The natural progression is for hijackers to then carry buckets of water or spray cans and target the sensors that detect a water scenario.
The difference is that DoH protects transactions and DNSSEC protects the authenticity of records. It's perfectly possible for a DoH server to feed you bogus cached records; you have to trust the DoH server you're talking to, where you wouldn't have to do that if all the records on the chain of lookups you're doing are signed with DNSSEC, and you're running DNSSEC on your local system rather than a stub resolver than talks to full resolver server you have to trust (this is an uncommon set of circumstances and in practice you have exactly the same server trust problem with DNSSEC that you do with DoH).
Muddying the waters further, the attacks DNSSEC protects against overlap with the ones DoH protects again, so that if the whole Internet managed to switch to DoH, you'd have bottom-up built 95% of the security feature DNSSEC is attempting to provide (DoH has massively better deployment stats than DNSSEC, so this is plausible).
It's better to think of DoH as one of a catalog of different arguments that together make a clear case for sticking a fork in DNSSEC and calling it done.
With DNSSEC, I know that anyone asking for IP addresses of my web server will get the correct address, and in the future it may be possible to use TLSA records (and/or HTTPS records) so that the user’s web browser can be certain that it is connecting to the correct site, with the correct key.

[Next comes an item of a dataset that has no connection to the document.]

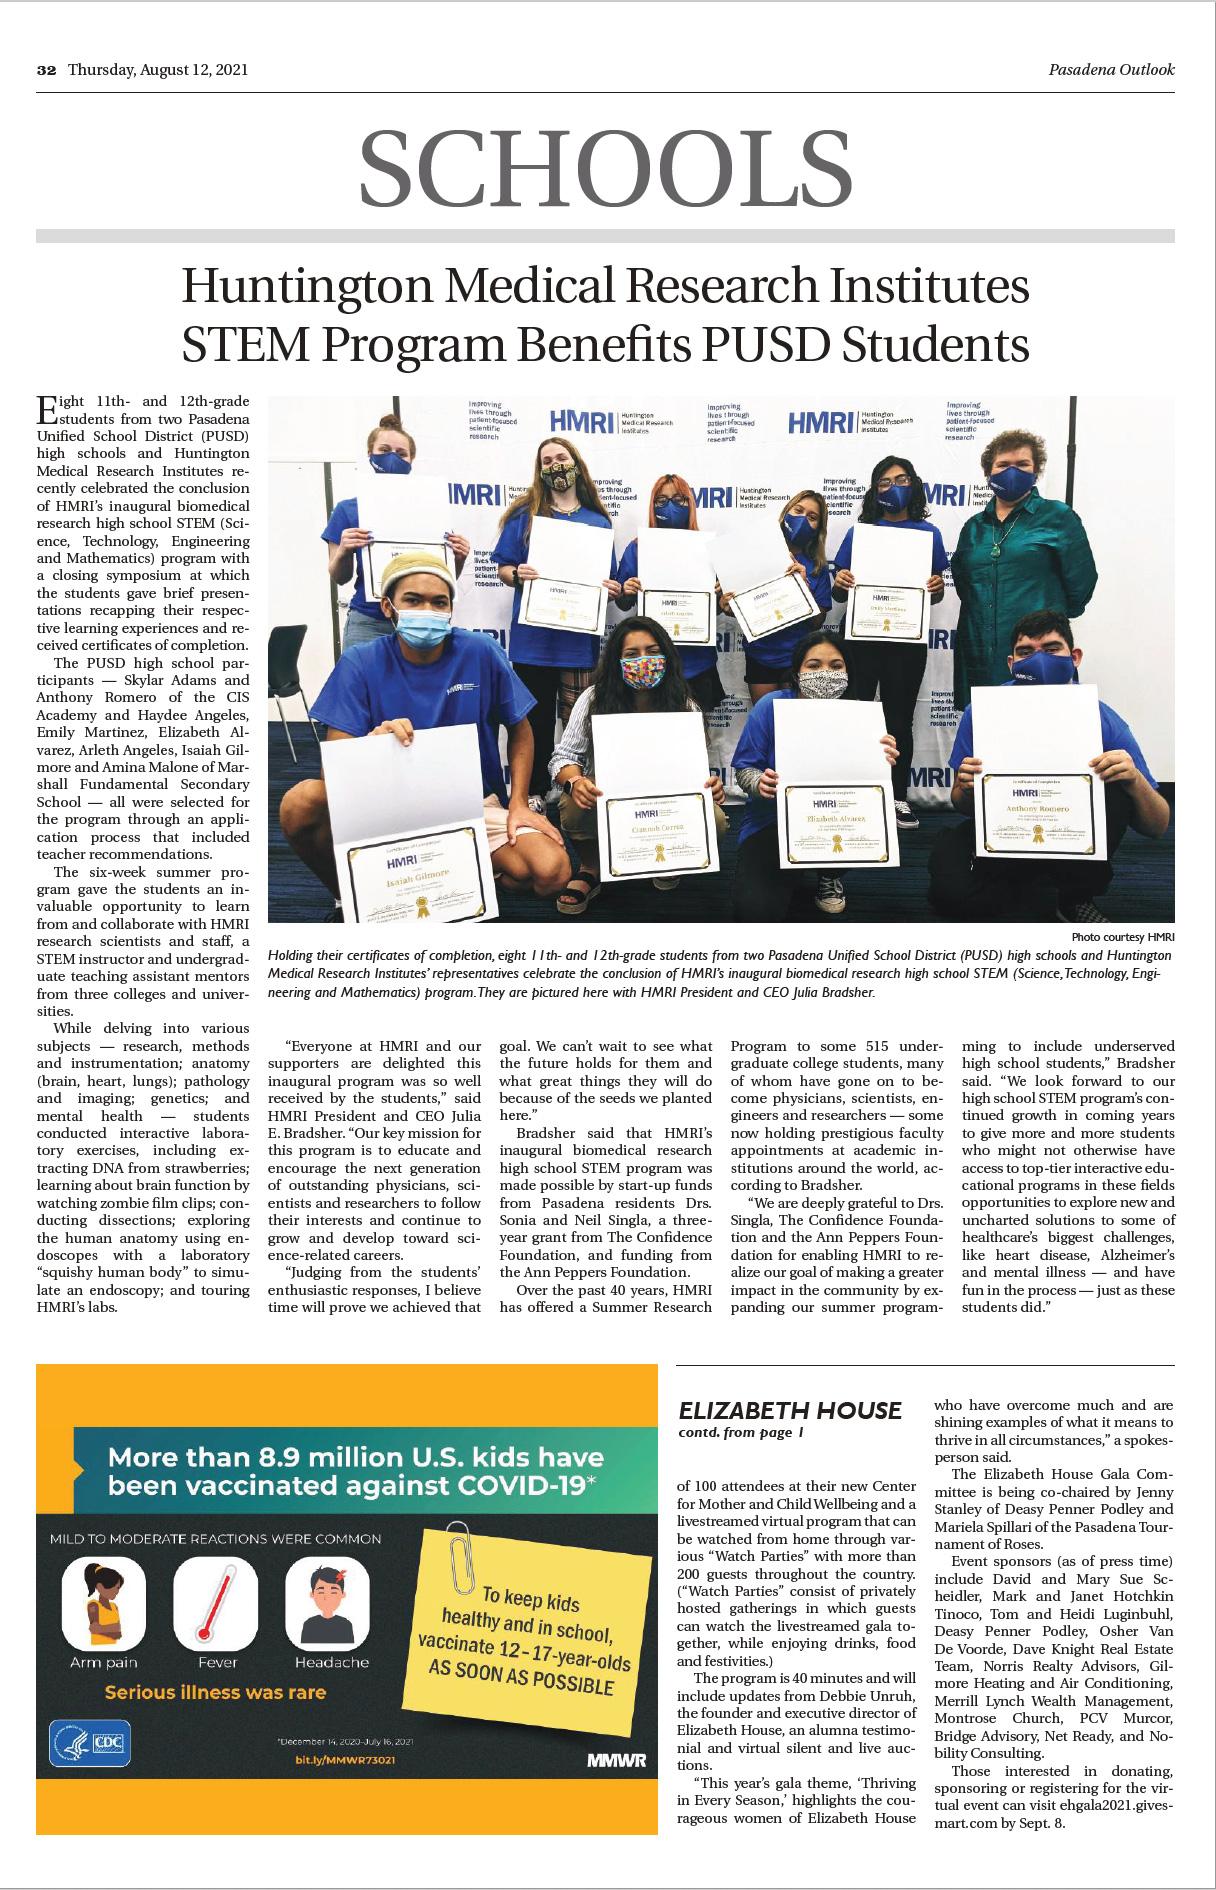 Huntington Medical Research Institutes STEM Program Benefits PUSD Students

The only weak point is that the user might be using a DNS resolver which may be correctly checking the DNSSEC signatures, but the DNS replies, sent from the resolver to the user, are not signed, only “authenticated” by the AD bit. (This is where DoT – or even, blech, DoH – might actually help.) Or the user could run their own local resolver with no untrusted path between their device and their resolver, closing the gap completely.
Contrast that with using no DNSSEC, only DoH (or DoT). The user asks the resolver for the IP address (and possibly HTTPS/TLSA records), and the resolver asks the authoriative DNS server for the information. But the whole conversation between the resolver and the authoritative DNS server is completely unsigned, and can be manipulated at will by any middlemen. Also, it is not even TCP (which is hard, but not impossible) to manipulate as a man-in-the-middle, but DNS is most often UDP. But let’s say there is no manipulation here. How do you trust the identity of the resolver? Because they have a nice certificate from “Honest Achmed's Used Cars and Certificates”¹, which says they they are indeed the DoH resolver the user has configured? The same problem also applies to the web site certificate; how can you trust it, when any CA in the world can issue any certificate at will?
For more fun diving into this topic, I can recommend a famous old presentation called the "Everything you Never Wanted to Know about PKI but were Forced to find out", and godzilla crypto tutorial written by the same author (Peter gutmann). The certificates in browsers has had a long history of problems and ill designs. People did not like them, and they definitively did not like them when they caused major issues.
Supplementary question: Why do so many sites these days opt for tiny font-sizes in some shade of pale-grey on white?